The original source sends Parcel Probes unidirectionally in the
forward path toward the final destination to elicit a Parcel Reply,
since it will often be the case that IP parcels are supported only in
the forward path and not in the return path. Parcel Probes may be
filtered in the forward path by any node that does not recognize IP
parcels, but Parcel Replys must be packaged to avoid filtering since
parcels may not be recognized along portions of the return path. For
this reason, the Jumbo Payload options included in Parcel Probes are
always packaged as IPv4 header options or IPv6 Hop-by-Hop options
while Parcel Replys are returned as UDP/IP encapsulated ICMPv6 PTB
messages with a "Parcel Reply" Code value (see:
[I-D.templin-6man-omni]).
Original sources send Parcel Probes that include a Jumbo Payload
option coded in an alternate format as follows:
+--------+--------+--------+--------+
|Opt Type|Opt Len | Nonce-1| Check |
+--------+--------+--------+--------+
| Nsegs | Jumbo Payload Length |
+--------+--------+--------+--------+
| PMTU |
+--------+--------+--------+--------+
| |
+ Nonce-2 +
| |
+--------+--------+--------+--------+
For IPv4, the original source includes the option as an IPv4 option
with Type set to '00001011' the same as for an ordinary IPv4 parcel
(see: Section 4) but with Length set to '00010100' to distinguish
this as a probe.
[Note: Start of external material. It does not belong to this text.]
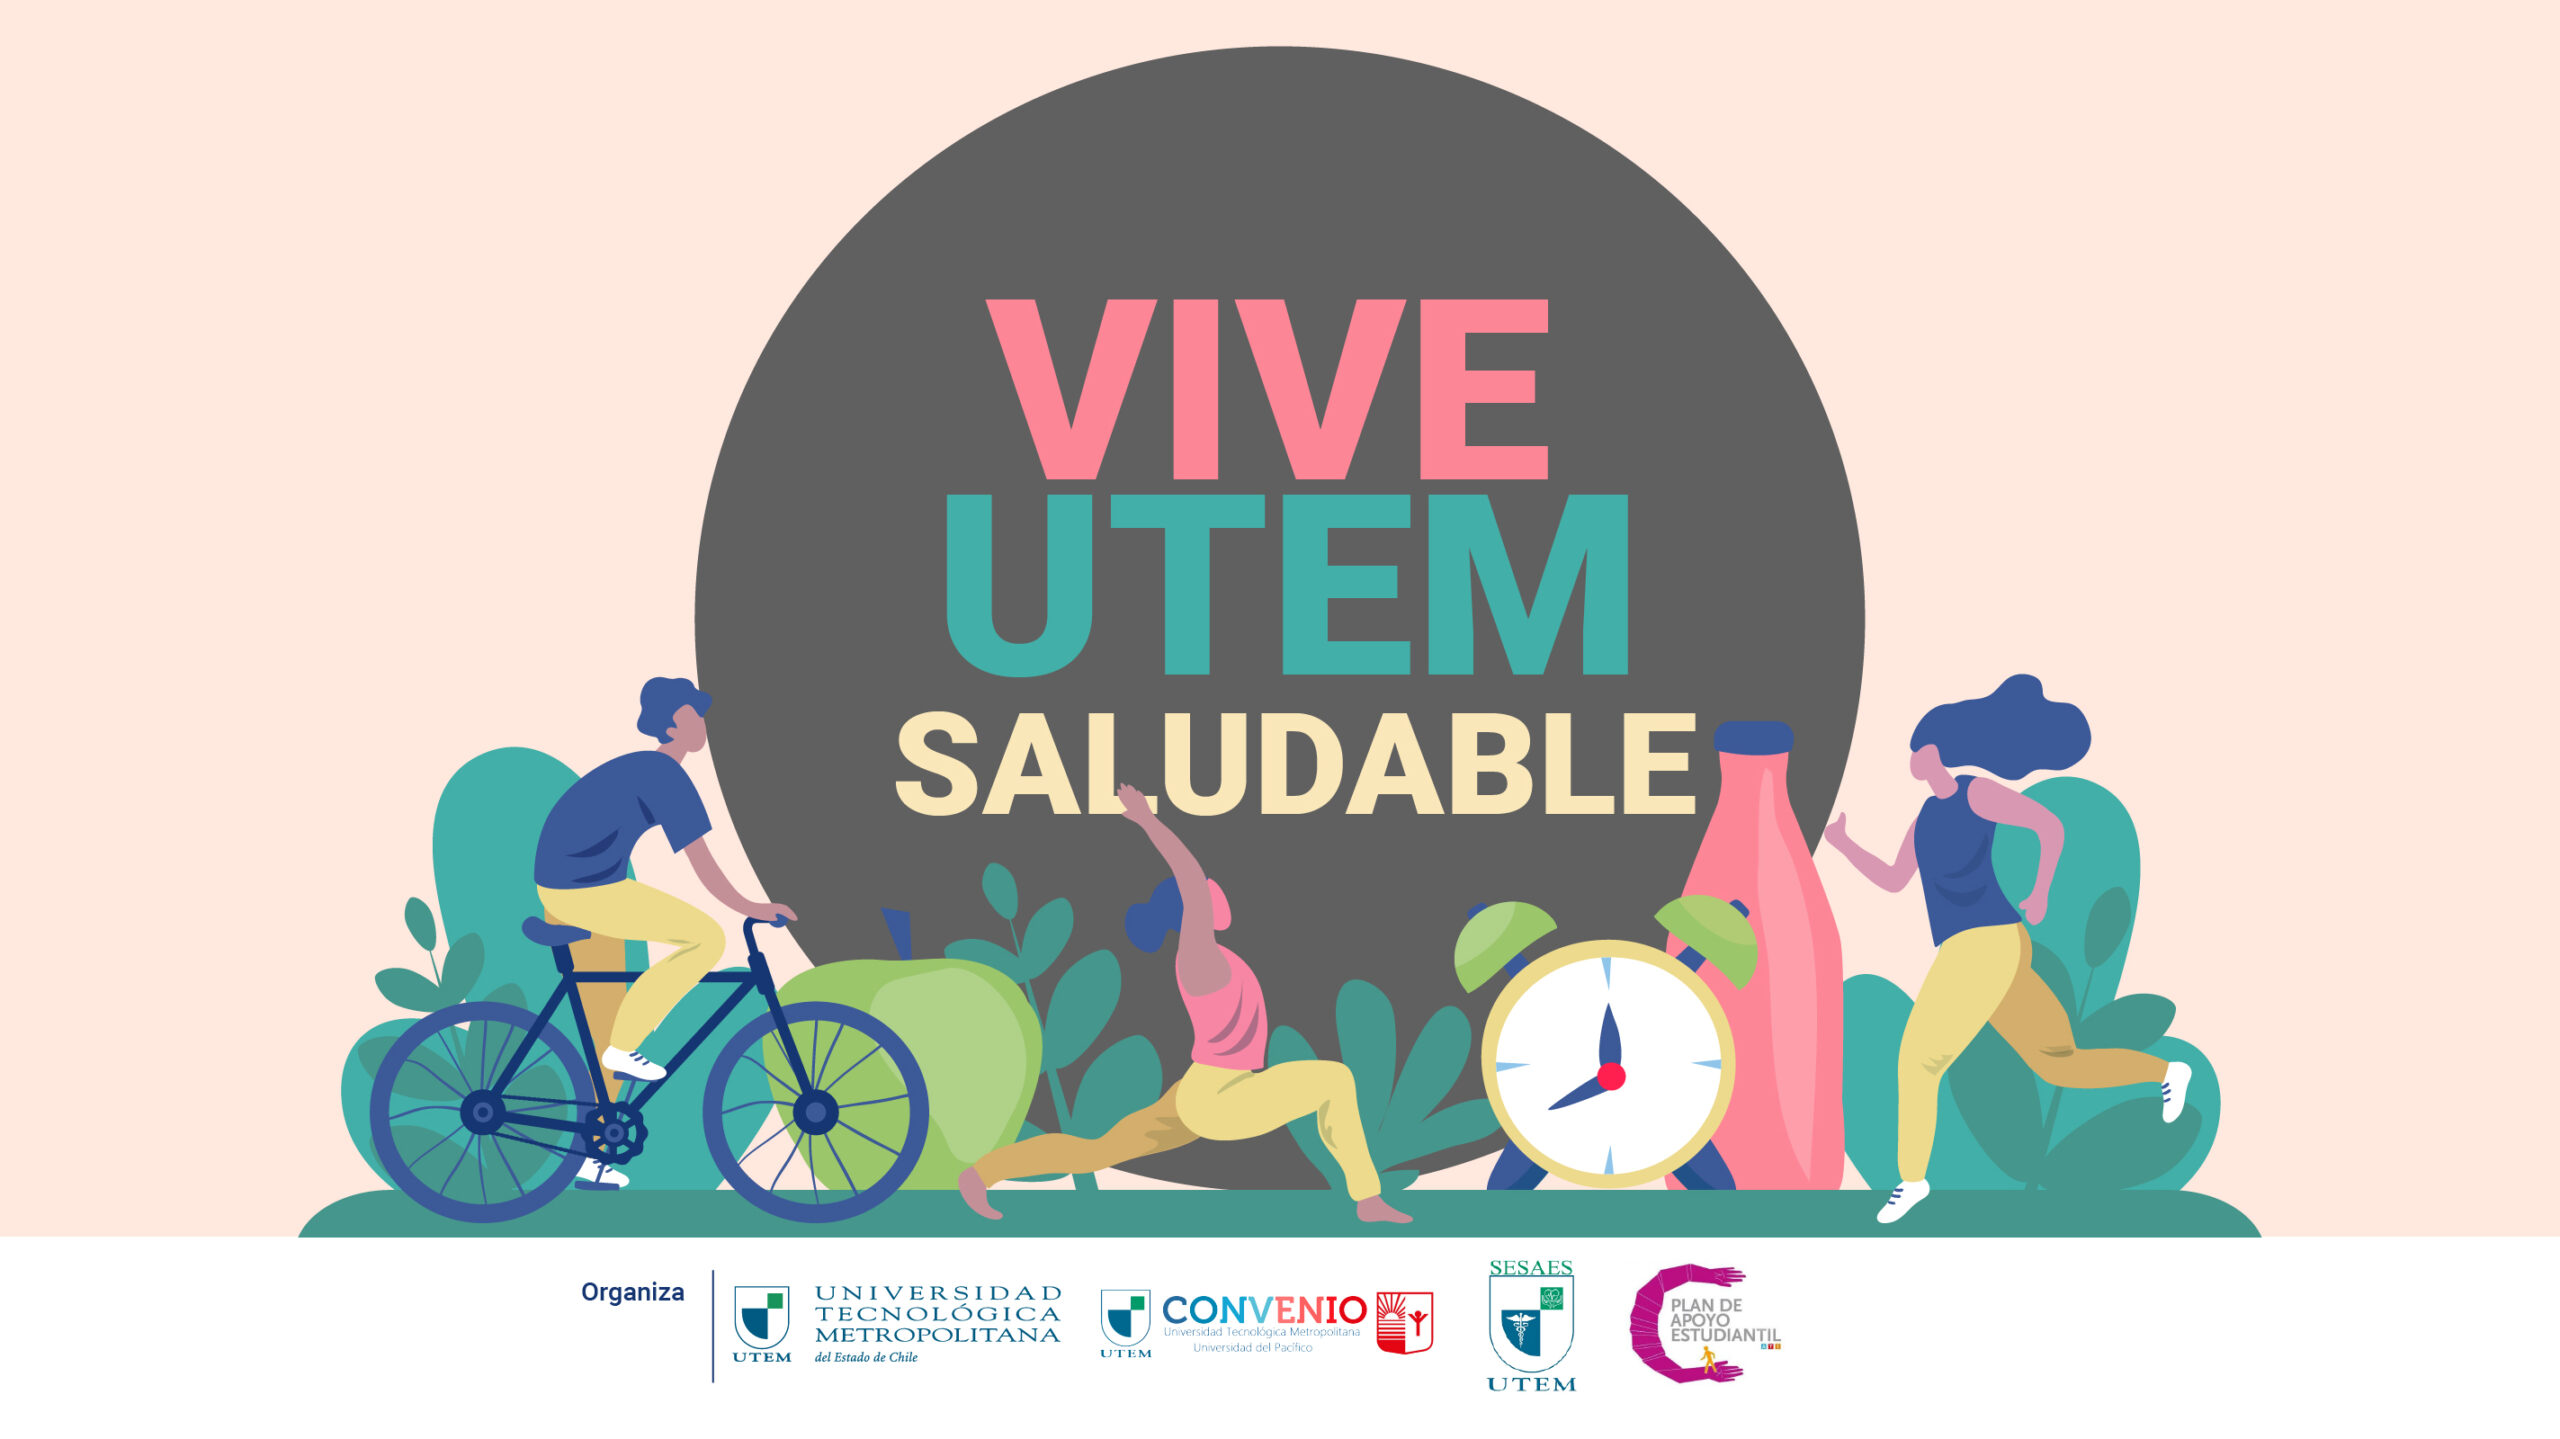 Participa en la Semana Vive UTEM Saludable

The original source sets Nonce-1 to '1111', sets
Check to the same value that will appear in the TTL of the outgoing
IPv4 header, sets Nonce-2 to a 64-bit random number and sets PMTU to
the MTU of the outgoing IPv4 interface. The source next includes a
{TCP,UDP} header followed by upper layer protocol segments in the
same format as for an ordinary parcel. The source then sets {Nsegs,
Jumbo Payload Length, IPv4 Total Length} and calculates the header
and per-segment checksums the same as for an ordinary parcel, then
finally sends the Parcel Probe via the outbound IPv4 interface.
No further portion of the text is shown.